Jupiter and Saturn are each accompanied by ragtag hordes of moons, many of which have their own personalities. A pleasing pictorial arrangement of one or more of Saturn’s moons together with the planet and its ring system spanning the frame would be a real conversation starter in your game room.
For astronauts seeking solid ground, the choicest aesthetic pickings in these distant realms are hard to guess. This is largely because the smallest details we’ve been able to record of objects beyond the asteroid belt are typically 0.5 mile (0.8 km) in size or larger. (Let’s except the ground-level pictures of Titan made by the Huygens probe in 2005.)

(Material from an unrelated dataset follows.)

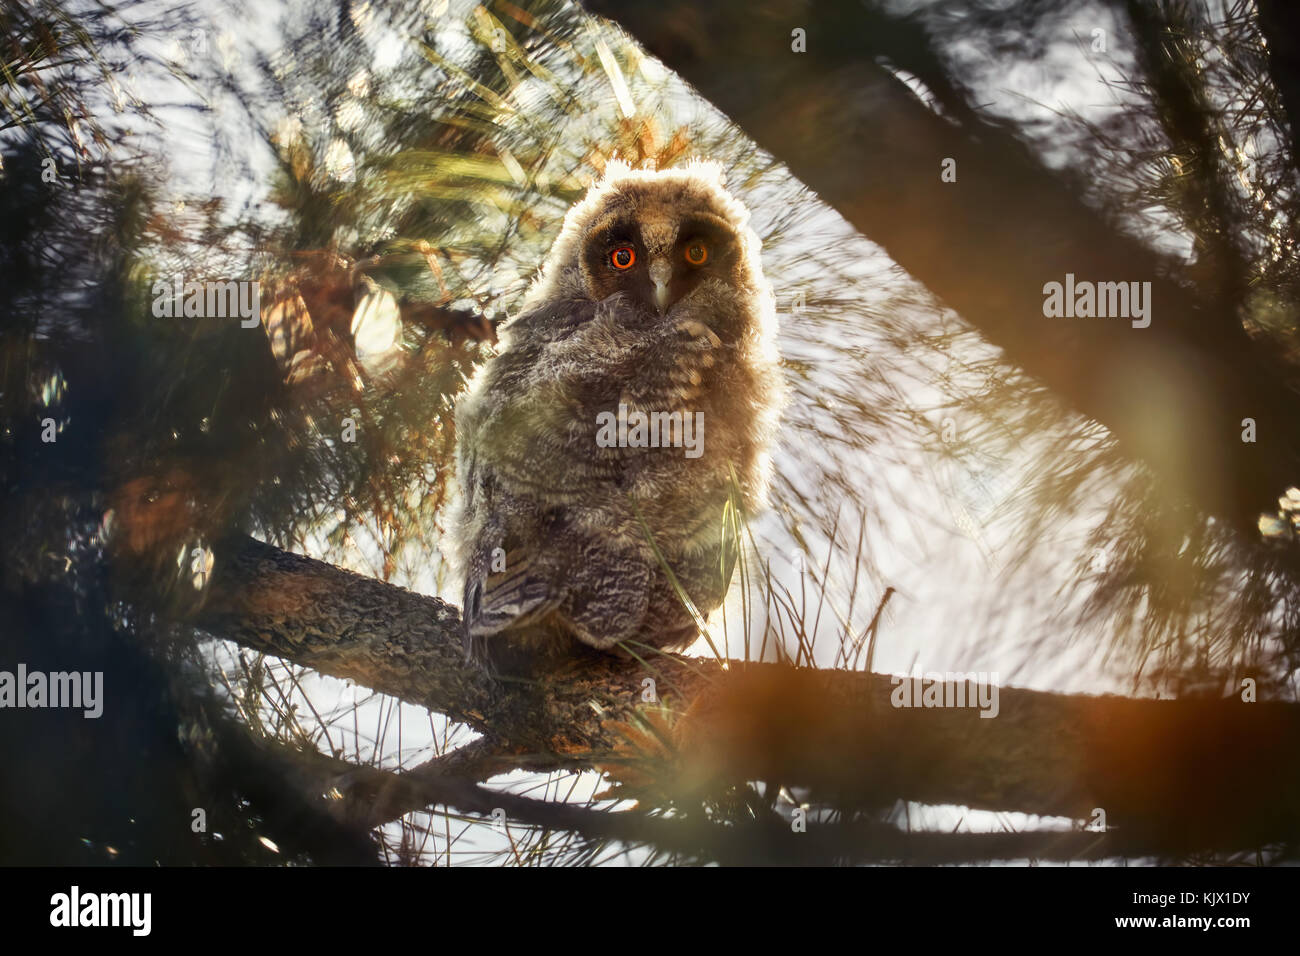 Cute owl chick sitting on the bench in the forest at sunset Stock Photo

But among the features we have seen, perhaps the most alluring are the ice mountains on Pluto, imaged by the New Horizons spacecraft. These hard-as-granite peaks are large enough that you could see them from the vicinity of Pluto’s moon Charon with a decent pair of binoculars. If you can withstand Pluto’s nippy temperatures (a bracing –387 degrees Fahrenheit [–233 degrees Celsius]), you might go down to its surface to line up a telephoto shot of a few mountains framing Charon, hanging low in Pluto’s black sky. Charon would be about seven times the apparent diameter of our own Moon.

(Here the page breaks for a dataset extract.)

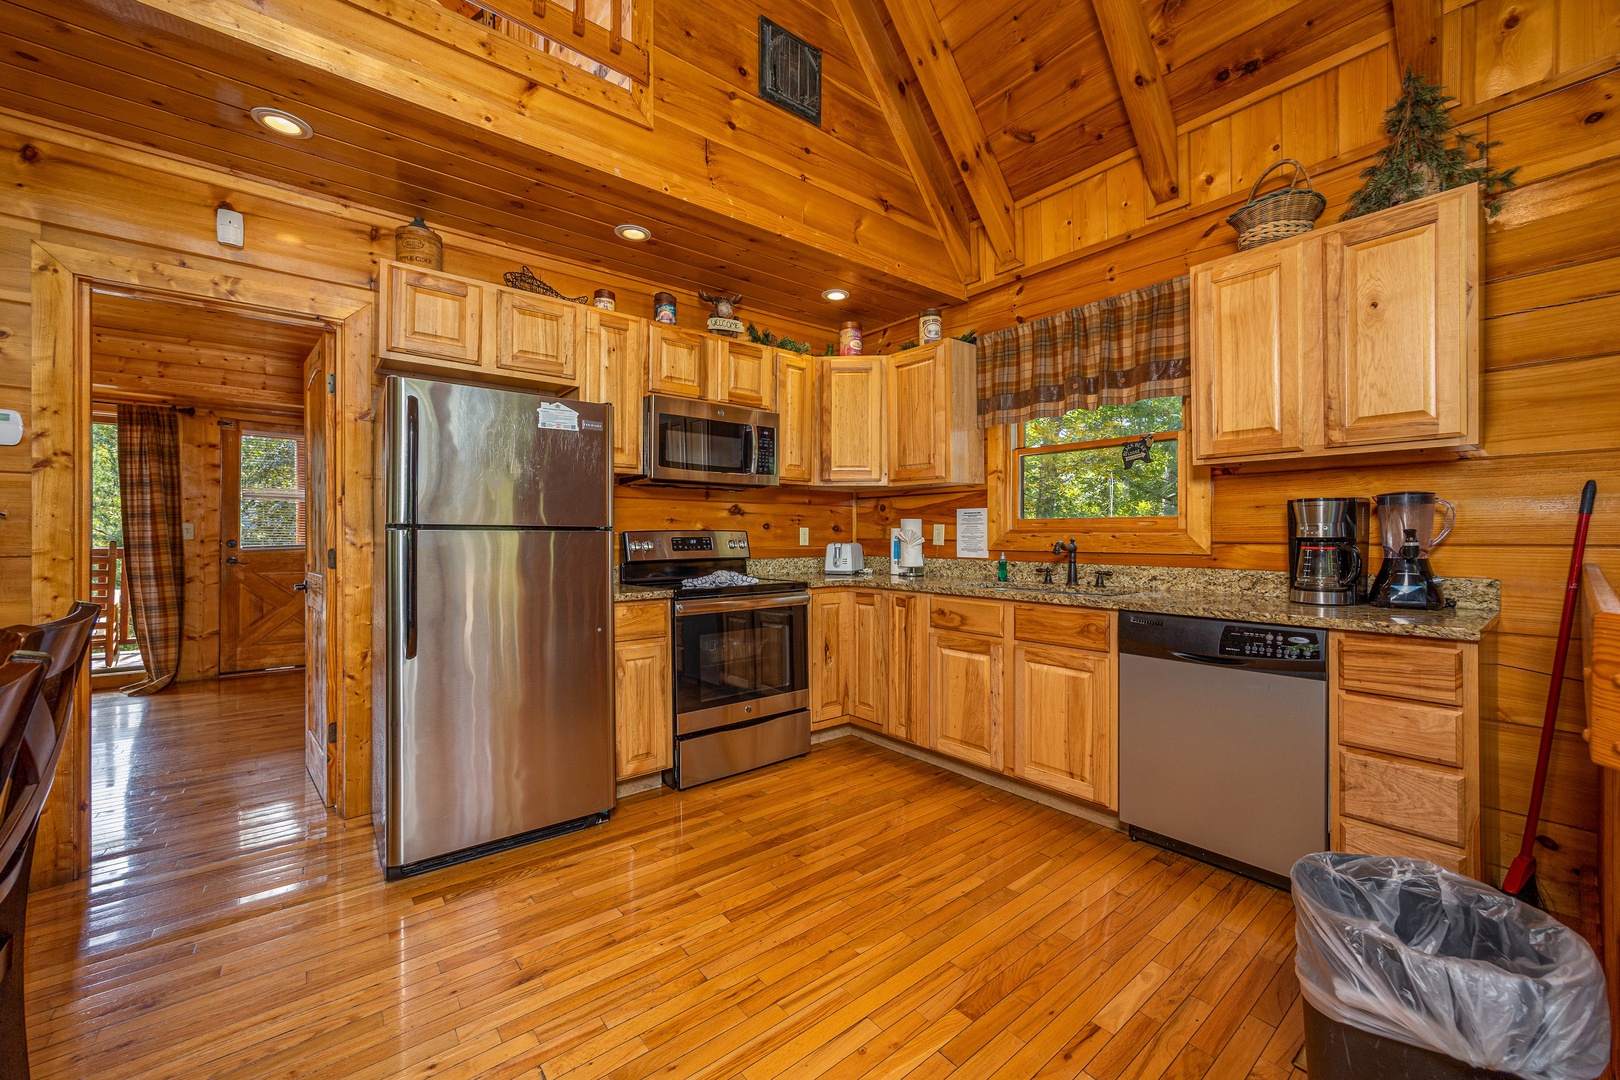 Kitchen appliances at The Great Outdoors, a 3 bedroom cabin rental located in Pigeon Forge

As a somewhat more ambitious photographic effort, consider an expedition to roughly 2 billion miles (3.2 billion km) above the ecliptic plane in which the planets orbit. Bayonet a workaday lens onto your camera and aim it downward. You should be able to see the Sun and all the planets out to Saturn. They’ll appear only as bright dots. (The Sun will be a fat bright dot!) But the fact that the image is real, and not a cut in a book, should lend it a certain je ne sais quoi.
The human touch
I’ve heard space aficionados, including scientists, insist that the future of space exploration won’t include much of the freewheeling human wanderings described here. These proudly pragmatic folk maintain that they’re only being realistic when they argue that the solar system should be explored and photographed by robots, not people. Humans should simply stay at home and view our cosmic neighborhood from afar. After all, most astronauts insist on round-trip tickets, something that the robotic craft never do.

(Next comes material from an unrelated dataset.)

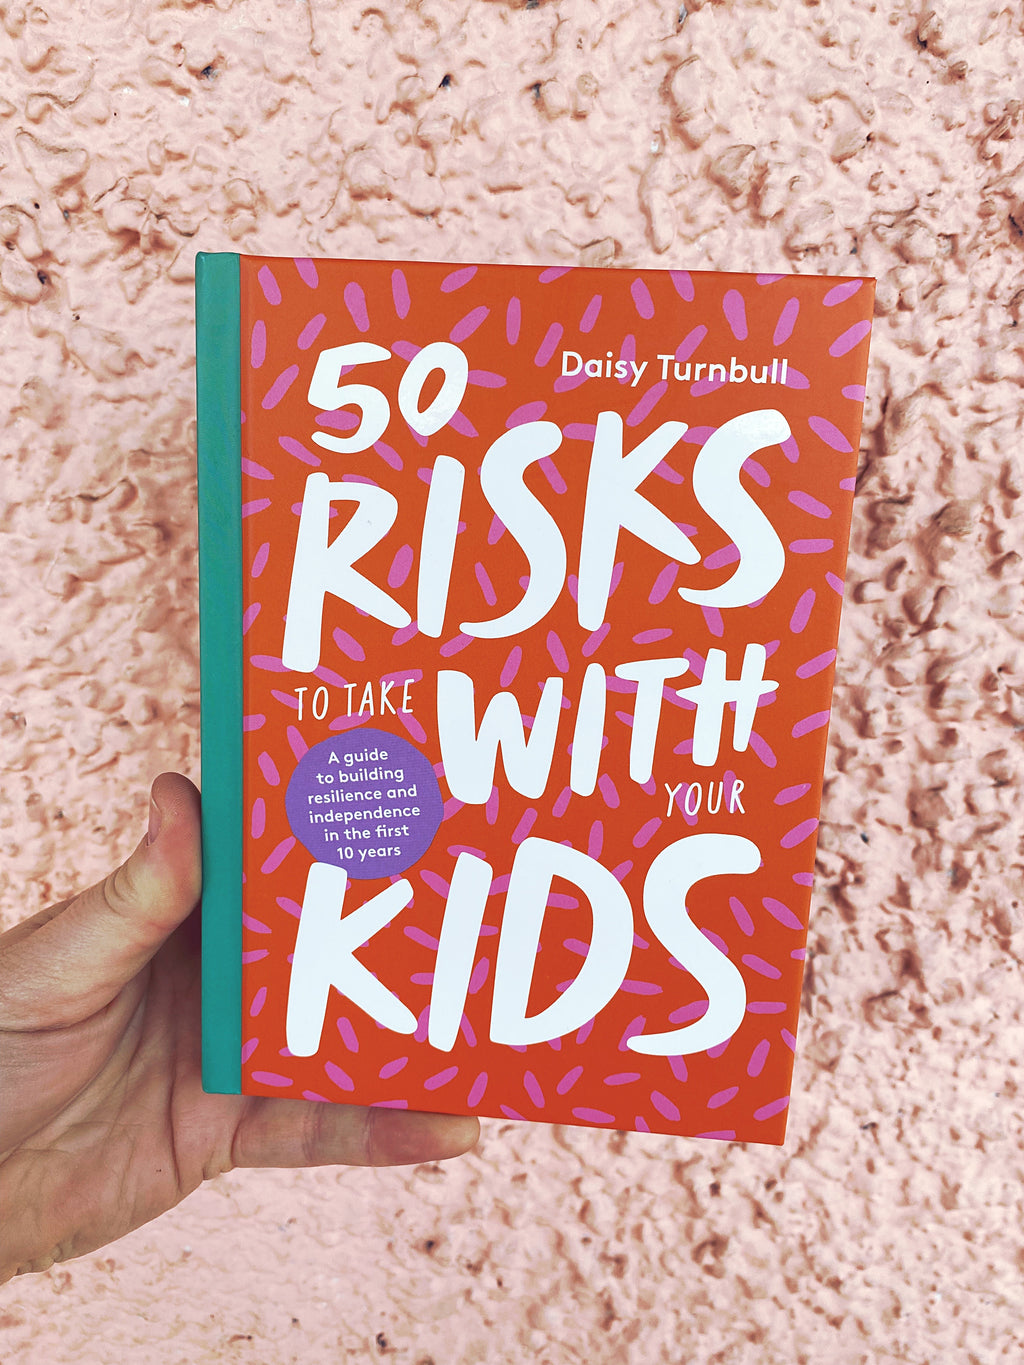 50 Risks to Take With Your Kids

That sounds reasonable, at least, at first. But try walking into a sixth-grade classroom and asking how many of the kids are keen to go into space. You’ll find a lot of takers.
Then ask how many prefer to become earthbound engineers, building robotic spacecraft. Many of those hands will go down. Yes, space exploration is a hard, expensive, and dangerous business, so it’s only natural to champion a very practical approach — namely, that we tether humans to terra firma and leave the exploring to the machines. The latter don’t require heavy and complicated life support systems, or shy away from mortal danger.
But clearly, robotic exploration is not the same. Photos made by robot cameras may have tremendous fidelity, but the only artistry they have is that arranged by their earthbound handlers. Arguably better pictures can be made by on-the-spot humans with an aesthetic bent. More than 60 years ago, the Space Age paintings by Chesley Bonestell inspired movies, magazine series, and, ultimately, an entire generation of youngsters who wanted to go to other worlds. They still want to go.
There’s something fundamentally different about witnessing nature in person, for otherwise how do you justify muscling a 12-inch Dobsonian out on a cold night to spend hours squinting through a viewfinder? Especially when you could find a better picture more comfortably (and with considerably less expenditure of time, money, and effort) online?
It’s the romance of going somewhere — to step into a time machine that can take you millions of miles into the velvet voids of space to give you a view that’s more than just an image, but an experience.